Criminal Charges for Forgery
Forgery charges allege that you did one of the following with the intent to defraud someone:
- You altered a document that didn’t belong to you, and you didn’t have the owner’s permission to do so.
- You created, authenticated, transferred or issued a document so that it looks like someone else took the action, but that person never actually authorized such an action. The person may be real or fictitious.
- You “uttered” (offered for use) or “offered an instrument” as the real thing, while knowing that it was forged.
- You created or transferred any writing to look like a copy of an original, but no original exists.
Any act of making, altering, using or possessing a false writing so that you can commit a fraud could result in forgery charges. Examples include:
- Signing a check with someone’s else’s signature
- Falsifying academic records
- Counterfeiting currency
- Using a fake ID
- Using false documents to apply for a credit card
Passports, birth certificates, stocks and bonds, prescriptions and titles are other items that are often involved in forgery cases.

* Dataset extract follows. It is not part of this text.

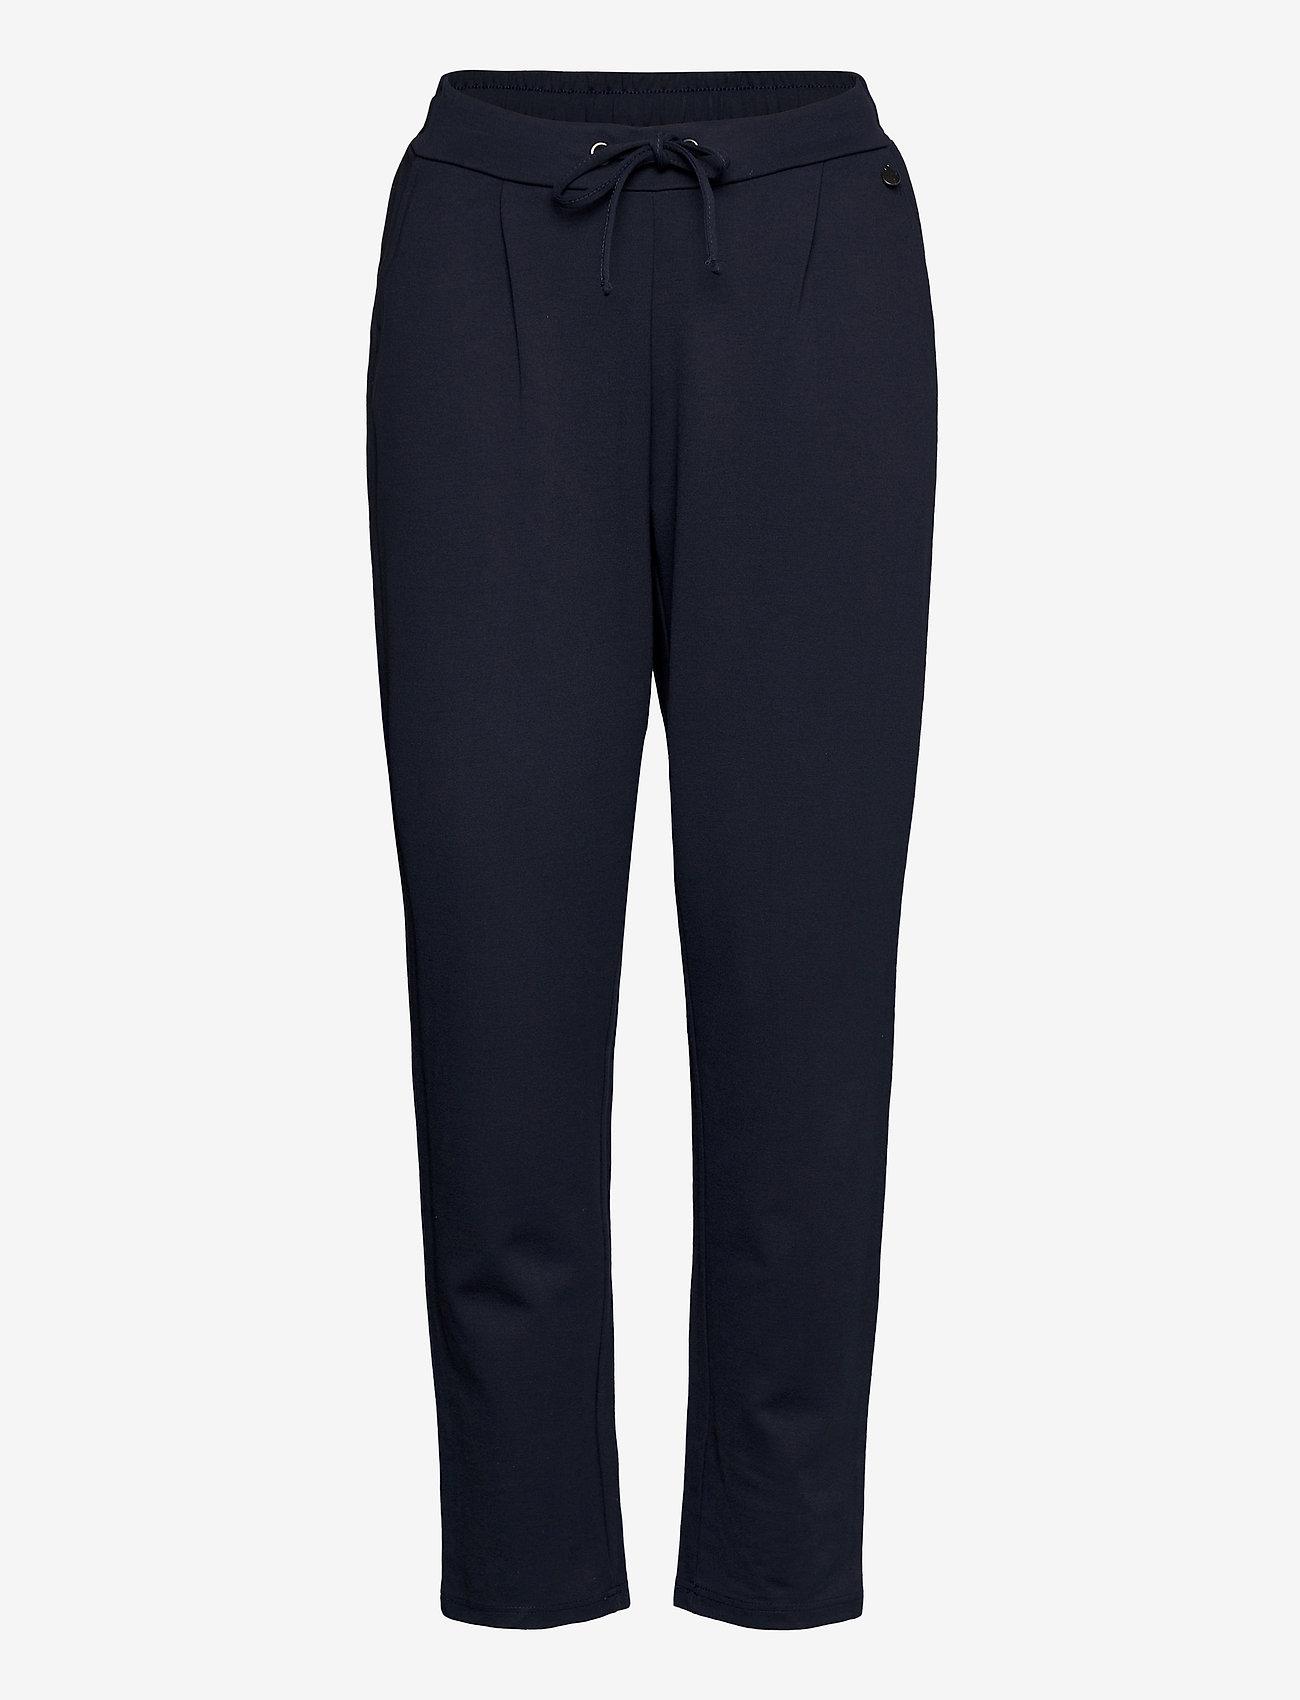 Fransa - FRZASTRETCH 1 Pants - casual broeken - dark peacoat - 0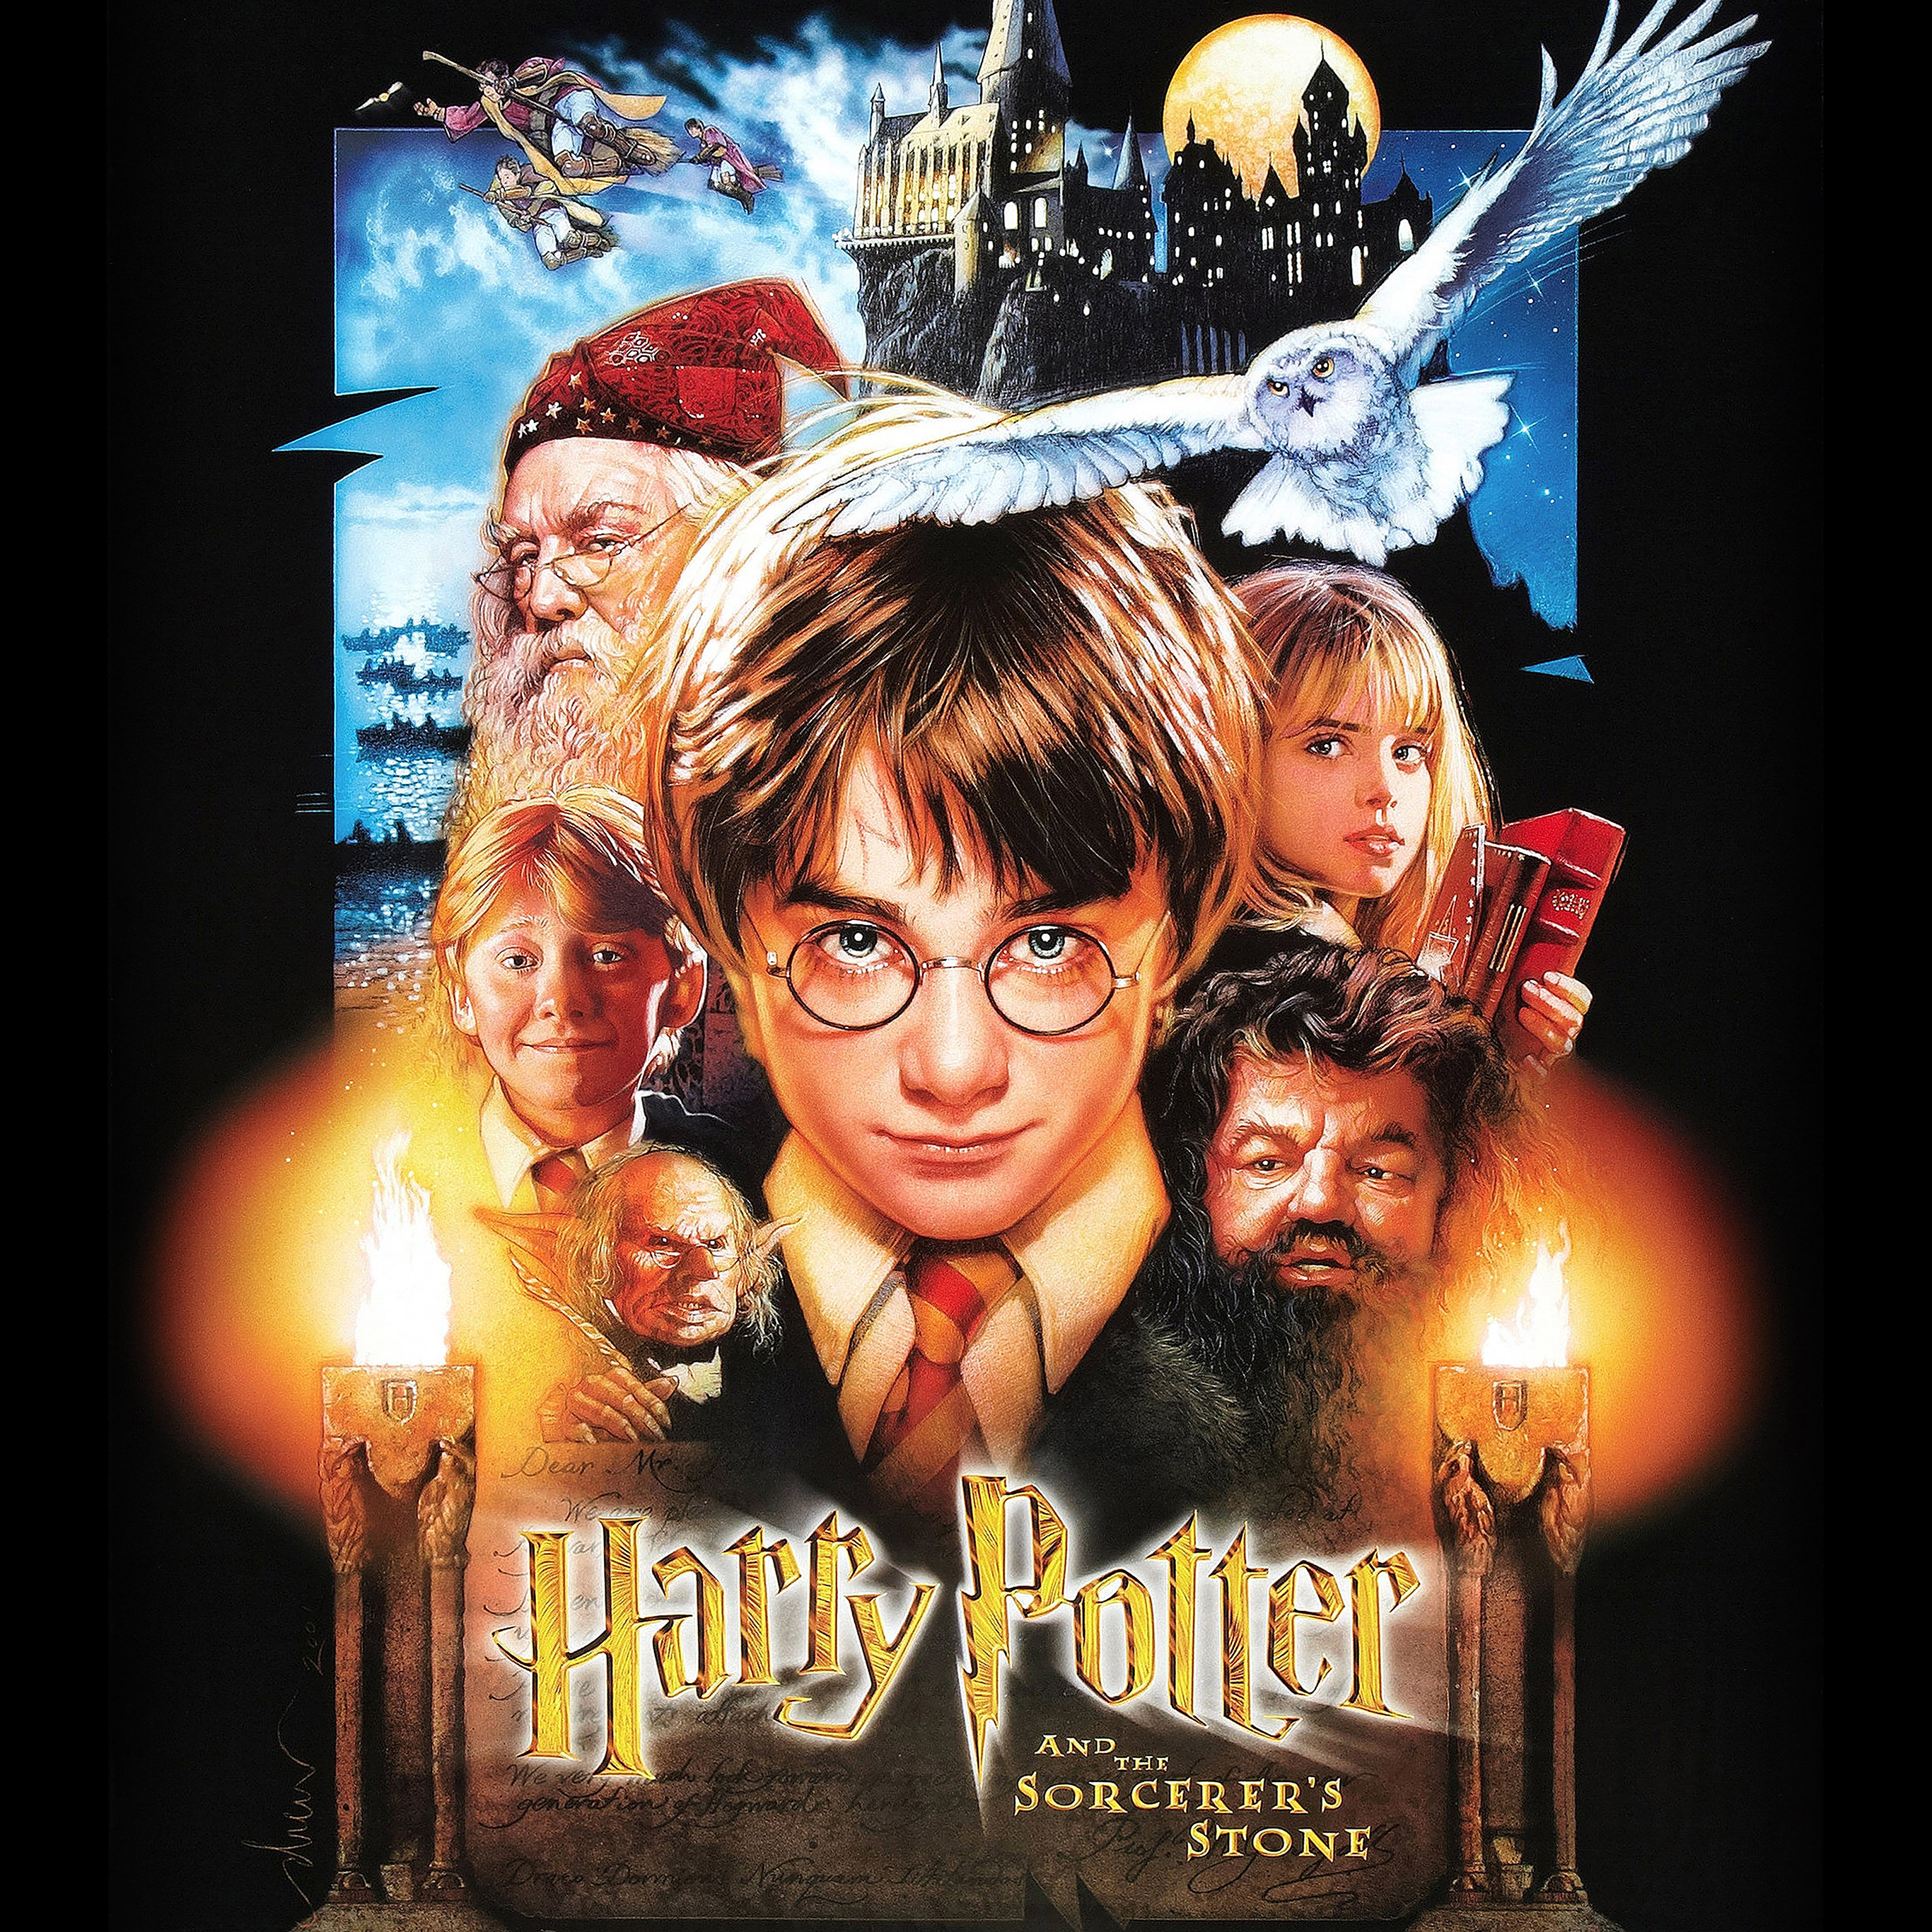 Amazing Wallpaper Harry Potter Ipad - papers  Image_246371.jpg

Experienced New Jersey Trial Attorneys Fighting for You
At Clark, Clark & Noonan, LLC, our experienced trial attorneys know how to find the best possible way to resolve your case. Charles F. Clark , Jr., is certified by the New Jersey Supreme Court as a criminal trial attorney. We know what strategies to expect from the prosecution, and we can begin proactively defending you as soon as we take your case.
Depending on the nature of your charges, you may be facing prison time if convicted. Forgery cases involving government documents often involve the harshest penalties. Counterfeiting and identity theft may also be involved in your case, which can affect the potential punishments.